Keywords: metabolic-associated fatty liver disease, MAFLD, mitophagy, exosomes, microRNA-27a, miR27a, PINK1, PTEN-induced putative protein kinase 1, hepatic stellate cell, HSC

Graphical abstract

Lipotoxic hepatocytes derive rich exosomal miR-27a and transmit to the recipient hepatic stellate cells. Lipotoxic exosomal miR-27a played a pivotal role on inhibiting mitophagy and aggravating MAFLD-related liver fibrosis by negatively regulating PINK1. Serum exosomal miR-27a represents a good predictor for MAFLD-related liver fibrosis.

Introduction

Metabolic-associated fatty liver disease (MAFLD) has become the most common liver disease throughout the world. Advanced liver fibrosis (ALF) (fibrotic stage S ≥ 3) was identified as the major prognostic factor for MAFLD, and the fibrosis stage was independently associated with long-term overall mortality.¹^,²

Selective mitochondrial autophagy (mitophagy) is an important cell defense mechanism.³ Mitophagy failure has been suggested to occur in steatotic or fibrotic livers.⁴^,⁵ Loss of phosphatase and tensin homolog (PTEN)-induced expression of putative protein kinase 1 (PINK1), the key regulator of the mitophagy pathway, might accelerate liver fibrosis.⁶

Exosomes are nanovesicles that epigenetically reprogram and alter the phenotype of their recipient cells.⁷ The majority of extracellular microRNAs (miRNAs) are secreted via exosomes.⁷ Hepatocytes (HCs) injured by lipotoxic fatty acids were found to produce exosomes enriched in miR-17 and miR-92 clusters, which were taken up by hepatic stellate cells (HSCs), ultimately leading to fibrogenic activation.⁸

However, the molecular mechanisms by which exosomal miRNAs are derived from HCs and transmitted to govern mitophagy in HSCs remain poorly understood.

Results

Lipotoxic fatty acids increase the release of exosomal miR27a from HCs and then affect recipient-activated HSCs

First, the exosomes isolated in our study were characterized. The exosomes derived from primary HCs (PHCs) exhibited a round morphology with a size of 50–200 nm (Figure S1A). PHC exosomes contained CD63 and TSG101 proteins (exosomal markers) but did not contain GAPDH (cellular marker) (Figure S1B). LO2 cells released the highest number of exosomes (Figure S1C). Based on this, LO2 exosomes were used for in vitro and in vivo transplantation studies. Interestingly, lipotoxic palmitic acid (PA) increased not only the size but also the number of PHC exosomes in a dose-dependent manner (Figure S1D). These findings indicate that HCs release additional exosomes into the environment after lipotoxic injury.

Second, we explored the majority of extracellular miRNAs secreted via exosomes from lipotoxic HCs. MAFLD and chronic hepatitis B patients in the ALF group had significantly higher serum miR27a levels than the moderate liver fibrosis (MLF) group; however, there was no difference in the livers of these two groups in the trend analysis of the miRNA microarray results (Figures 1A and S2). Serum miR27a levels could effectively distinguish ALF in MAFLD patients (area under the receiver operating characteristic [AUROC] = 0.730, Figure 1B). Therefore, we focused on miR27a for further study.
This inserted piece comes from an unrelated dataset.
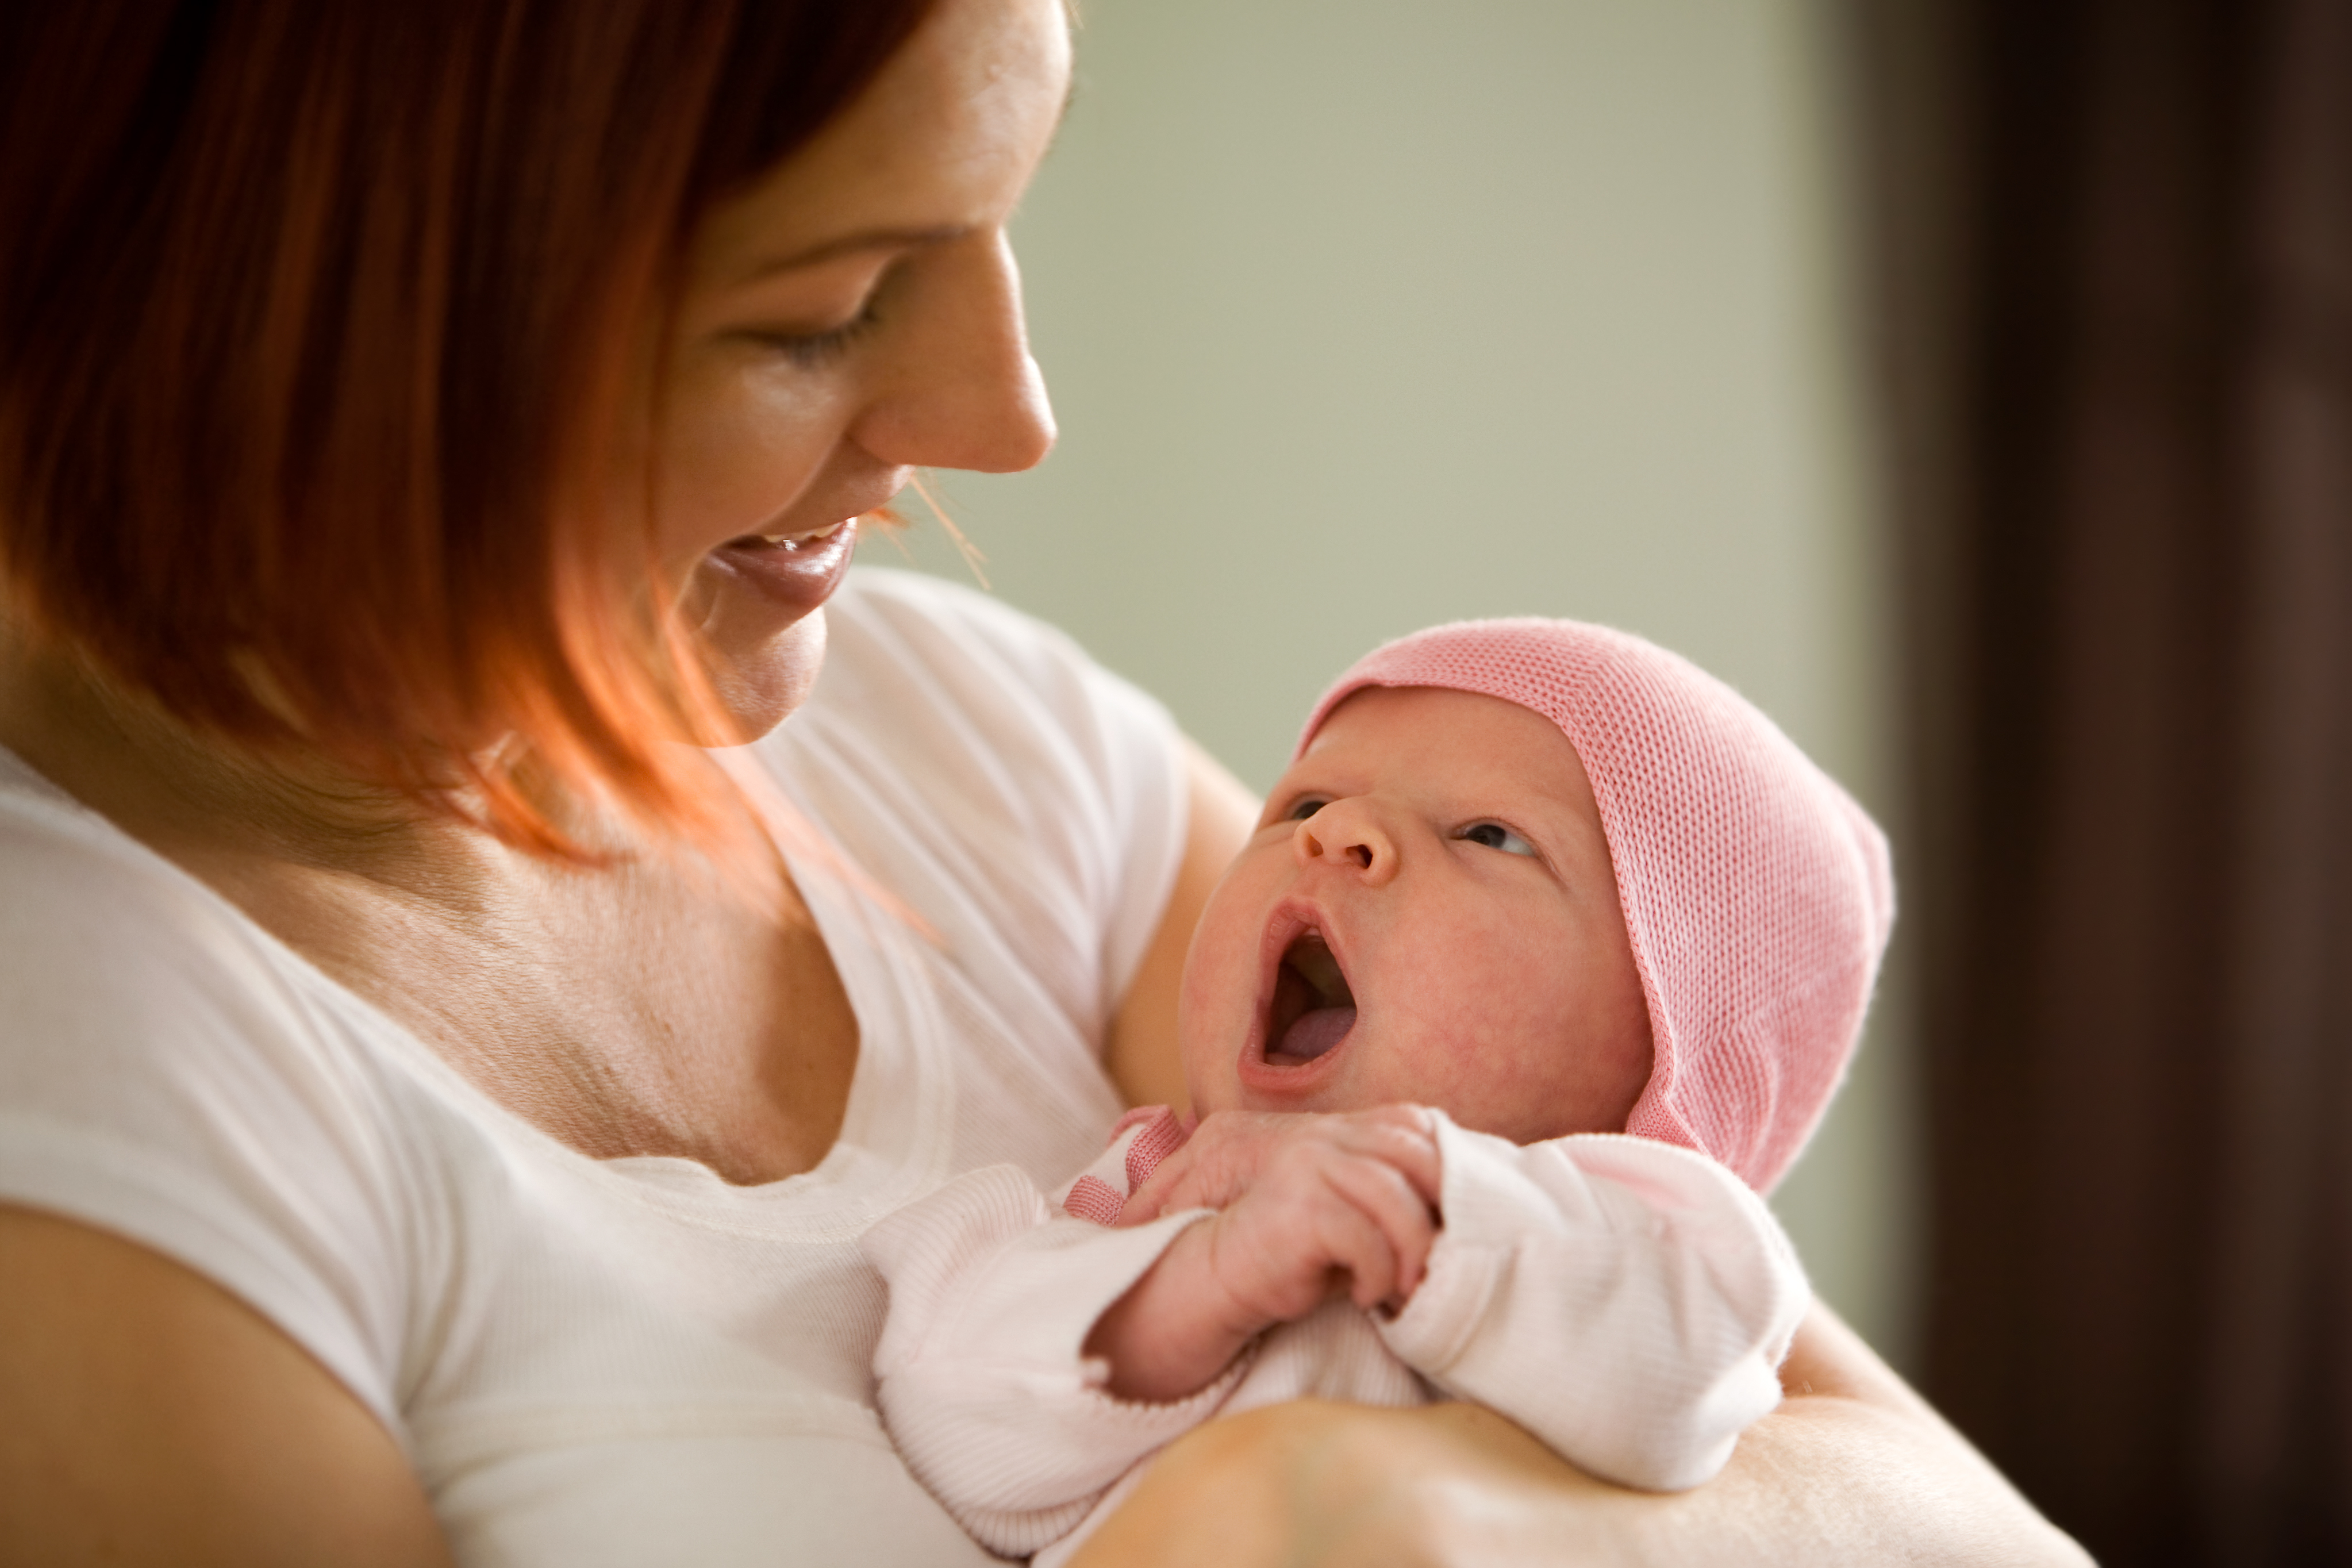 Rauhoitatko vauvaa juttelemalla? Laulaminen auttaa pidempään

PA promoted the release of exosomal miR-27a from HCs and affected activated HSCs

(A) Trend analysis of miR-27a expression in serum or liver tissues of MAFLD patients (MLF and ALF groups, each group n = 8). (B) AUROC of serum miR27a for ALF diagnosis is shown. (C) Exosomal miR-27a expression was examined in the serum of MAFLD patients (F0S0-2, F3+NASH, and F3+S3-4 groups, each group n = 3) and mice (LFD, HFD, and HFD + CCl₄ groups, each group n = 3). (D) Exosomal and cellular miR-27a expression was examined in PHCs or LO2 cells (CN, PA200 μM, and PA400 μM groups). (E) Representative images of PKH26-labeled Exo-PA taken up by primary liver cells (1- or 7-day-cultured PHSCs and PKCs) are shown. The relative IF intensity in each type of cell was normalized to the cell number. Scale bar, 25 μm. (F) miR27a expression was assessed in activated LX2 cells incubated with 25–200 μg Exo-PA or 25 μg Exo-CN isolated from LO2 cells. (G) miR27a expression was detected in activated LX2 cells incubated with Exo-PA or Exo-CN isolated from LO2 cells transfected with miR-27a inhibitor or its negative control (LO2 in-NC or LO2 in-miR groups). All quantifications are presented as the mean ± SD, and p values were calculated using an unpaired Student's t test (A, B, D, E, and G) (for comparison between two groups) or one-way ANOVA followed by a Student-Newman-Keuls analysis (C and F) (for comparison of multiple groups). Statistical significance: ∗p < 0.05, compared with (A) MAFLD-MLF group, (C) F0S0-2 patients or LFD mice, (D) CN group, (E) PHC group, (F) CN group, (G) or Exo-CN of LO2 in-NC group; #p < 0.05, compared with (C) F3+NASH patients or HFD mice, (F) Exo-CN 25 μg-treated cells.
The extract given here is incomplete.